Each and every line below goes into your answer unchanged, but leave out the images.

= INFORMATION SHOWN =
▽

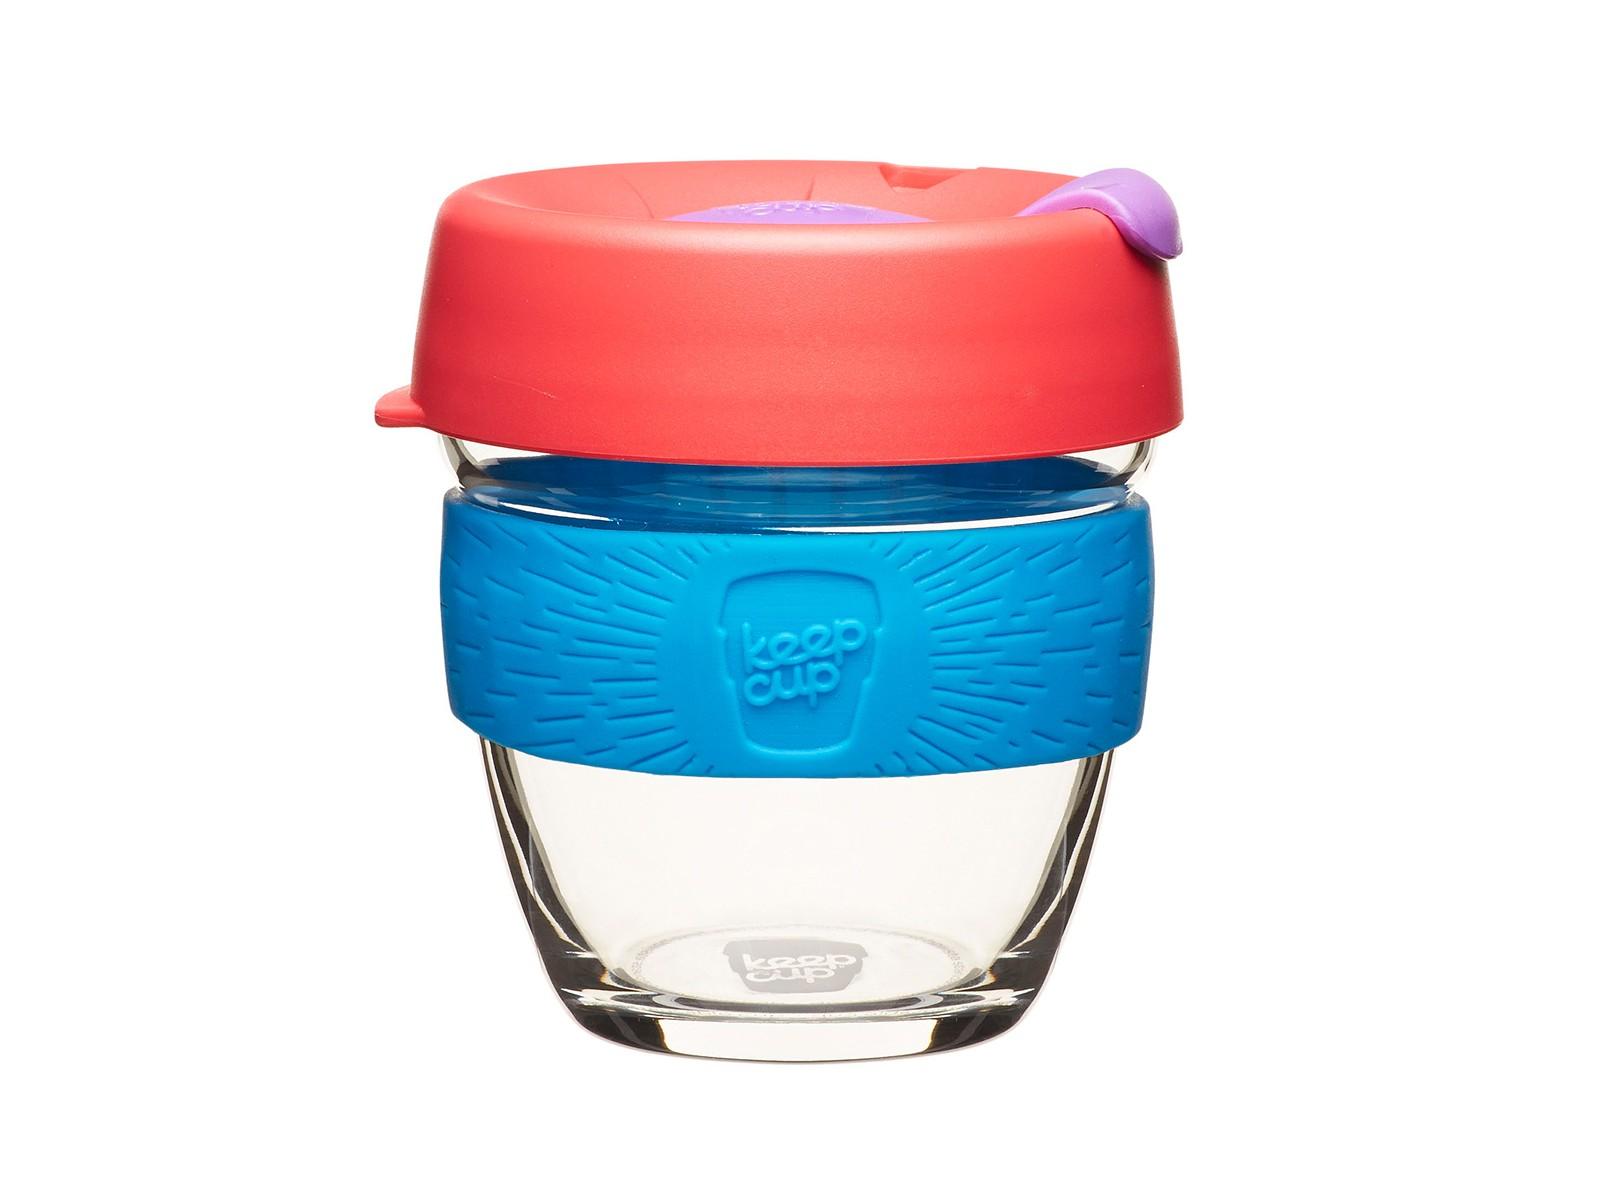 Кружка Keepcup hibiscusЧайные пары, чашки и кружки<br>Главная идея KeepCup – вдохновить любителей кофе отказаться от использования одноразовых бумажных и пластиковых стаканов, так как их производство и утилизация наносят вред окружающей среде. В год производится и выбрасывается около 500 миллиардов одноразовых стаканчиков, а ведь планета у нас всего одна! <br>Но главный плюс кружки  – привлекательный и яркий дизайн, который станет отражением вашего личного стиля. Берите её в кафе или наливайте кофе, чай, сок дома, чтобы взять с собой - пить вкусные напитки на ходу, на работе или на пикнике. Специальная крышка с открывающимся и закрывающимся клапаном спасет от брызг, а силиконовый ободок поможет не обжечься (плюс, удобно держать кружку в руках.<br>Крышка сделана из нетоксичного пластика без содержания вредного бисфенола (BPA-free). Корпус - из закаленного стекла, устойчивого к термическому и механическому воздействию. Разработана и произведена в Австралии.&amp;lt;div&amp;gt;&amp;lt;br&amp;gt;&amp;lt;/div&amp;gt;&amp;lt;div&amp;gt;Объем: 227 мл.&amp;lt;br&amp;gt;&amp;lt;/div&amp;gt;<br><br>Material: Стекло<br>Height см: 10<br>Diameter см: 8
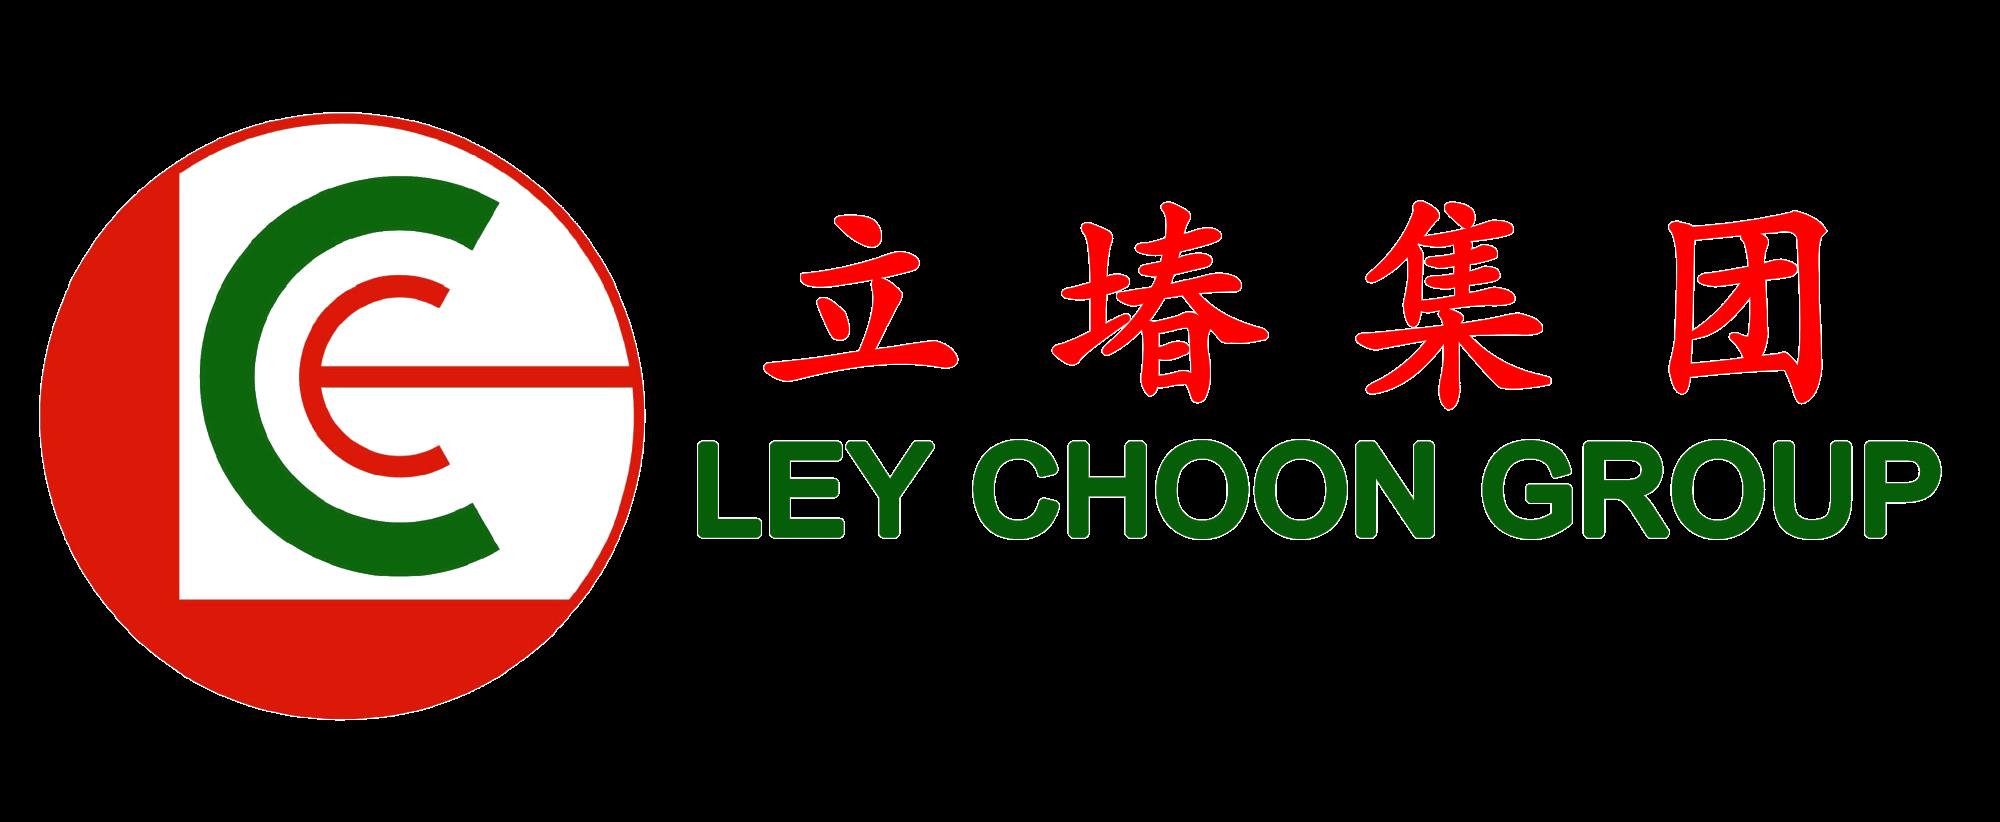 Ley Choon Group
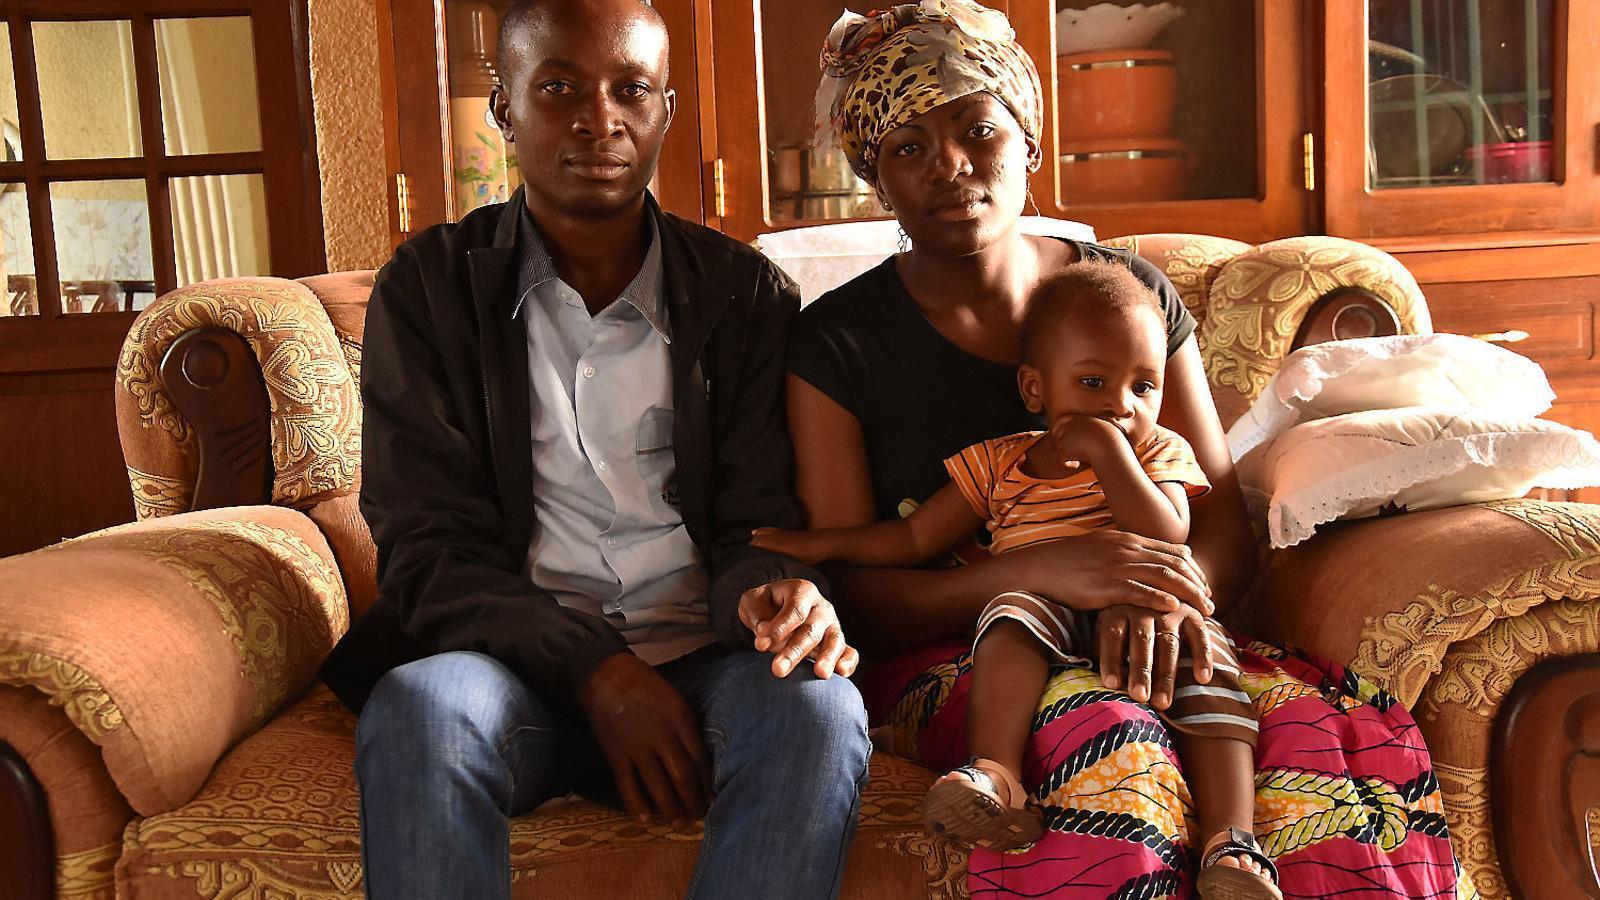 """Testimonis de supervivents de l'Ebola: """"Cada cop que moria algú al centre veia passar el taüt pel meu davant"""""""
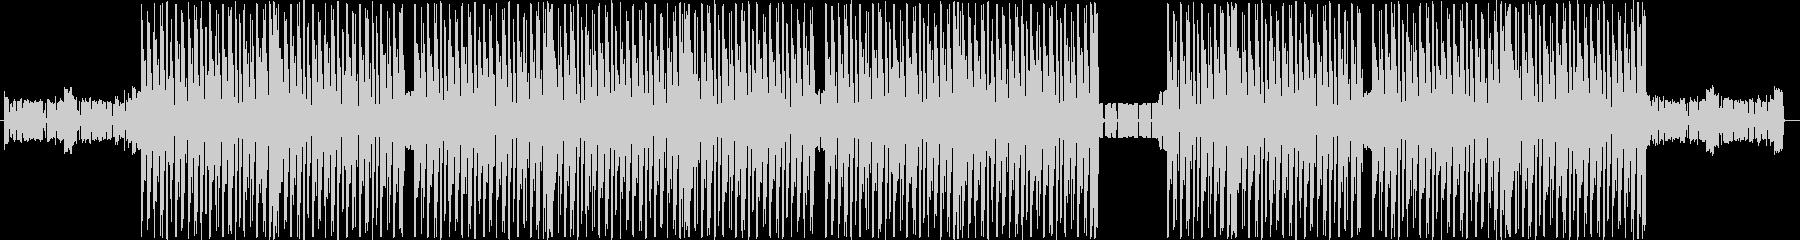 洋楽、ハードトラップ、ヒップホップビートの未再生の波形

△

= OUTPUT OF THE TASK =
 Кружка Keepcup hibiscusЧайные пары, чашки и кружки<br>Главная идея KeepCup – вдохновить любителей кофе отказаться от использования одноразовых бумажных и пластиковых стаканов, так как их производство и утилизация наносят вред окружающей среде. В год производится и выбрасывается около 500 миллиардов одноразовых стаканчиков, а ведь планета у нас всего одна! <br>Но главный плюс кружки  – привлекательный и яркий дизайн, который станет отражением вашего личного стиля. Берите её в кафе или наливайте кофе, чай, сок дома, чтобы взять с собой - пить вкусные напитки на ходу, на работе или на пикнике. Специальная крышка с открывающимся и закрывающимся клапаном спасет от брызг, а силиконовый ободок поможет не обжечься (плюс, удобно держать кружку в руках.<br>Крышка сделана из нетоксичного пластика без содержания вредного бисфенола (BPA-free). Корпус - из закаленного стекла, устойчивого к термическому и механическому воздействию. Разработана и произведена в Австралии.&amp;lt;div&amp;gt;&amp;lt;br&amp;gt;&amp;lt;/div&amp;gt;&amp;lt;div&amp;gt;Объем: 227 мл.&amp;lt;br&amp;gt;&amp;lt;/div&amp;gt;<br><br>Material: Стекло<br>Height см: 10<br>Diameter см: 8
 Ley Choon Group
 """Testimonis de supervivents de l'Ebola: """"Cada cop que moria algú al centre veia passar el taüt pel meu davant"""""""
 洋楽、ハードトラップ、ヒップホップビートの未再生の波形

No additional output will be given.